Published online by Cambridge University Press: 16 December 2009
Introduction
From the first report of the Appellate Body of the World Trade Organisation (WTO) in 1996 to Joost Pauwelyn's seminal work in 2003, commentators and practitioners alike have been grappling with the thorny relationship between the WTO and public international law. More recently, problems in interpreting and applying WTO provisions in the light of customary international law and non-WTO treaties have come to reflect a concern regarding ‘fragmentation’ of international law more generally. One reason for this potential fragmentation lies in the disparate dispute settlement mechanisms under various international legal systems, including preferential trade agreements (PTAs).
As negotiations in the Doha Round sputter, and PTAs proliferate, the relationship between PTAs and other institutions and aspects of public international law becomes all the more crucial. States evaluating the benefits of PTAs must be fully aware of the broader international context into which they are born and the implications of international law as each PTA develops.
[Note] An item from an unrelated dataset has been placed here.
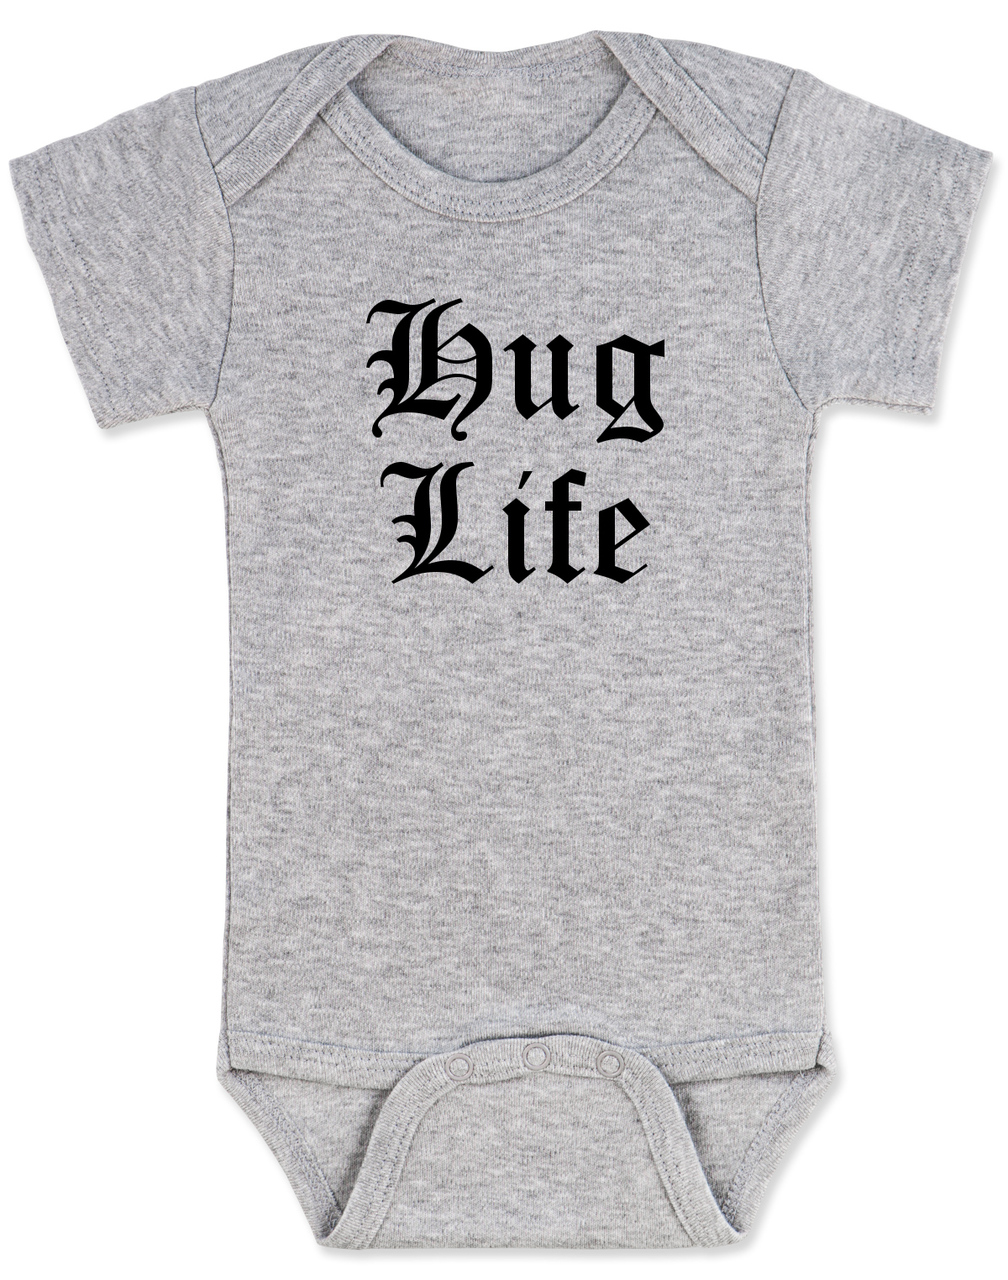 453ad84b2 Hug Life gangsta baby Bodysuit, grey

Moreover, existing PTA members may seek additional certainty about their PTA rights and obligations and the likely outcome in the event of a dispute relating to other areas of international law. More broadly, an investigation into the relationship between public international law and PTAs provides an additional case study of the perceived problem of fragmentation of international law.
In this chapter, we focus on two primary sources of public international law, namely treaties and customary international law.